- Born: 26 September 1961 (age 64) Kalmar, Kalmar, Sweden
- Occupation: Politician
- Political party: Swedish Social Democrats

= Anders Henriksson (politician) =

Swedish politician

Anders Uno Henriksson (born 26 September 1961) is a Swedish Social Democratic politician.

Henriksson was born in Kalmar, Kalmar County. He was chairman of Kalmar County Council between October 2006 and October 2018. In October 2019, he was elected to succeed Lena Micko as vice-president of the board for the Swedish Association of Local Authorities and Regions (SKR). He had previously served on the board for SKR. He was also appointed as a member of the United Cities and Local Governments (UCLG) council, and the UCLG Executive Bureau. In addition, he attended the World Urban Forum (WUF) hosted by the United Nations Human Settlements Programme as a European representative.

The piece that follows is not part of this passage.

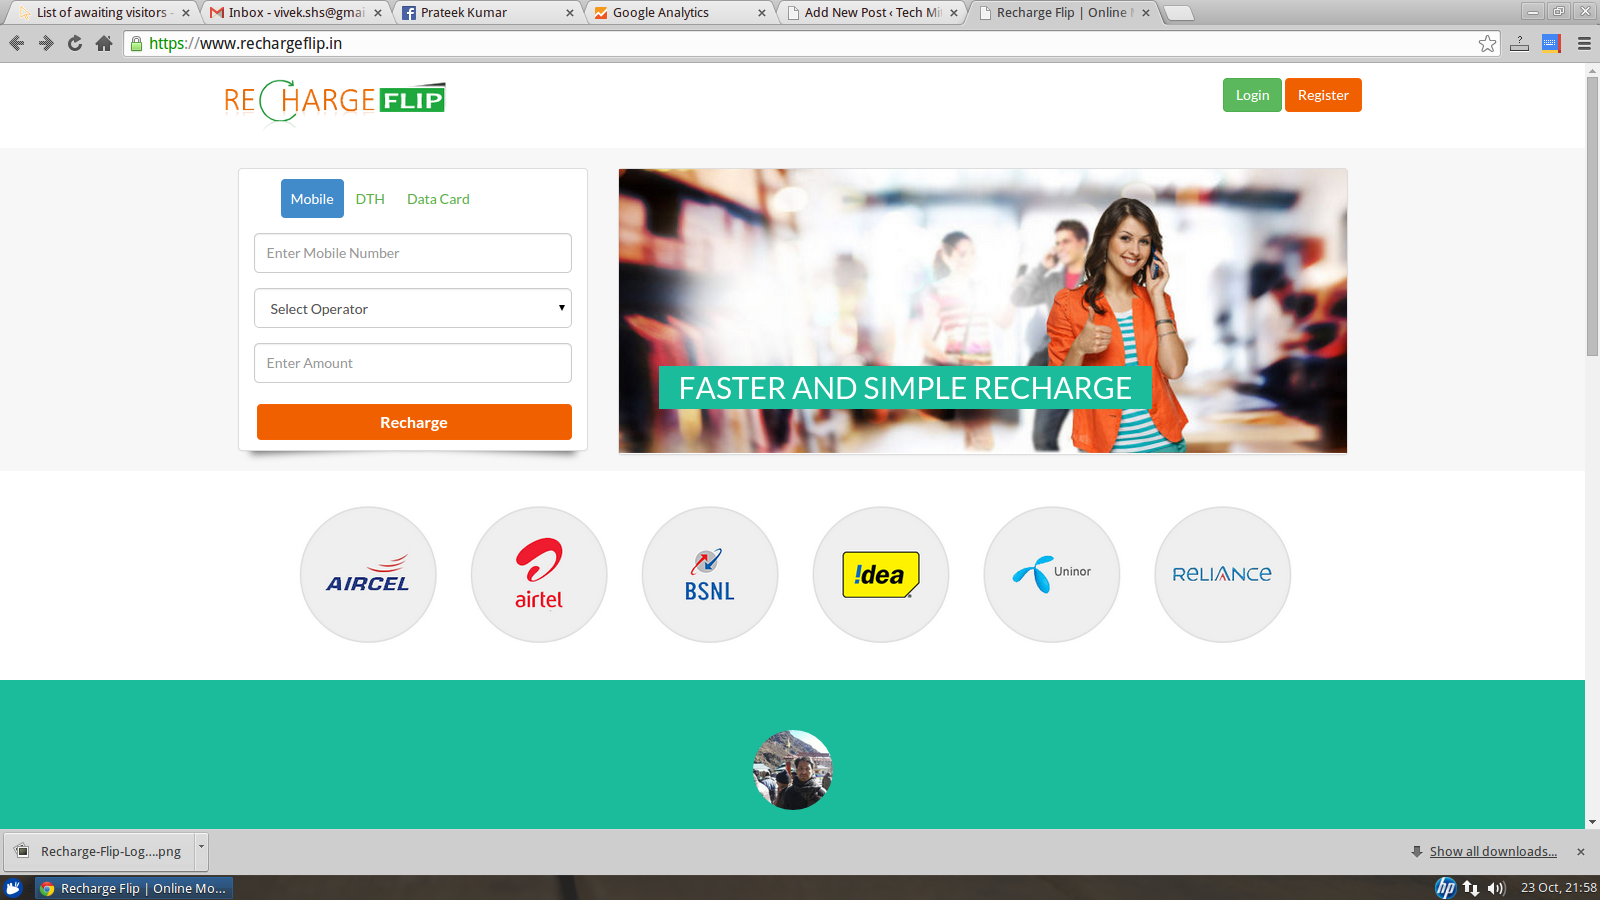 RechargeFlip Mobile Recharge Portal Made in Bihar with Love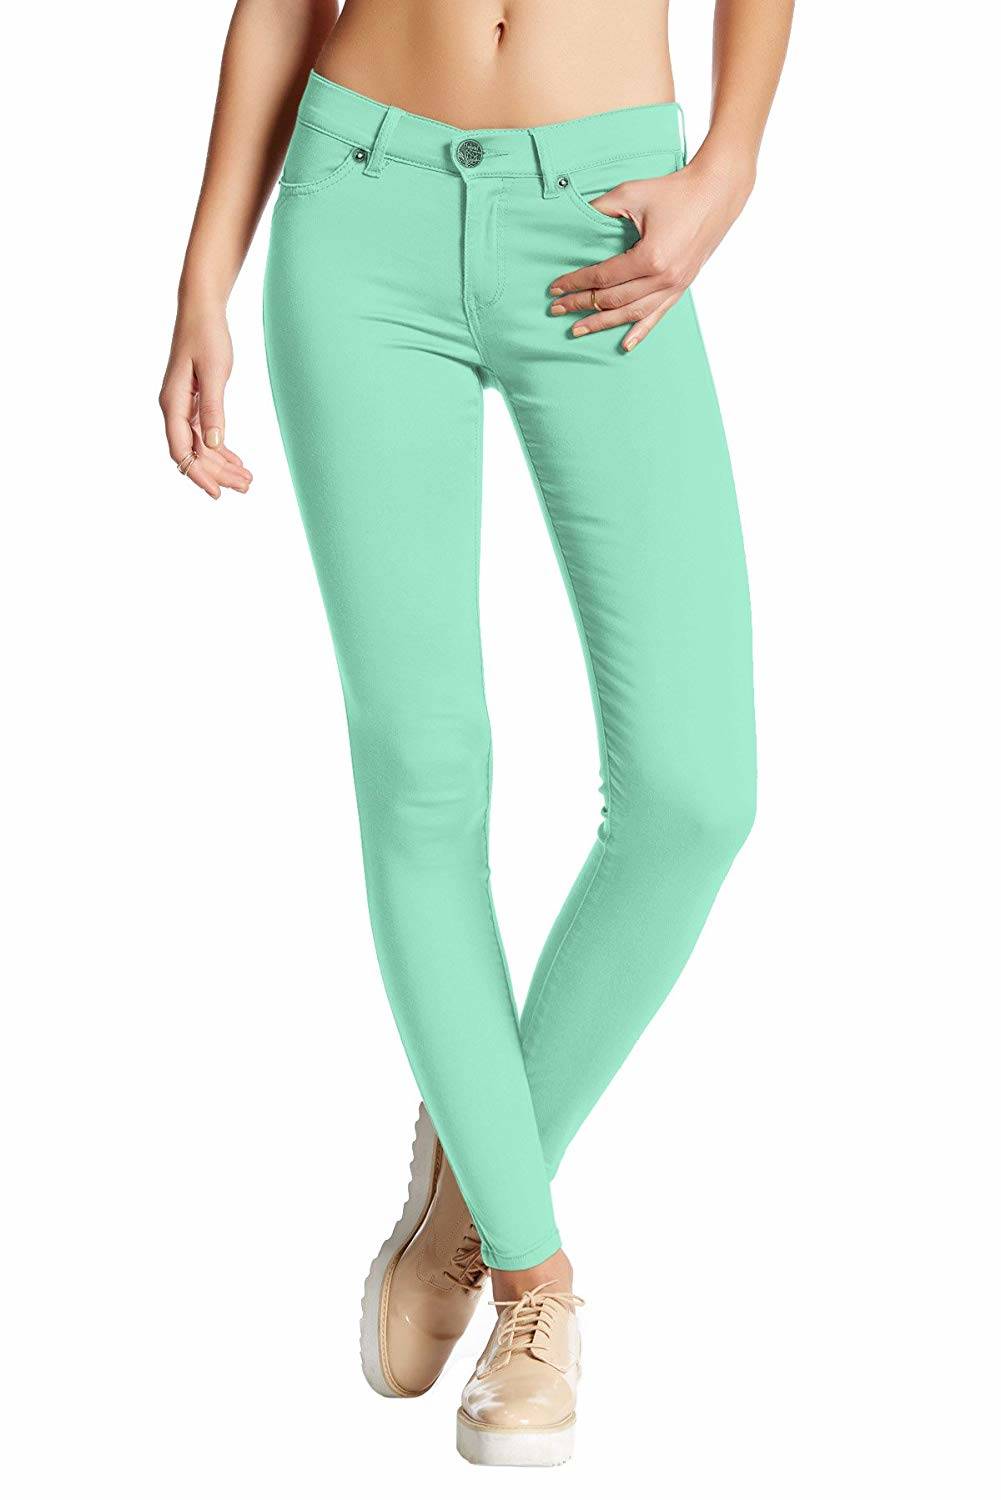 mint green pants

Henriksson has repeatedly been mentioned as one of the most influential persons in Swedish healthcare. In 2017 he was listed as the most influential person in Swedish healthcare by Dagens Medicin, due to his influence over Social Democrat healthcare policy.

At the annual meeting in March 2020, Henriksson was elected chairman of the board of Kalmar FF, replacing Jonas Persson.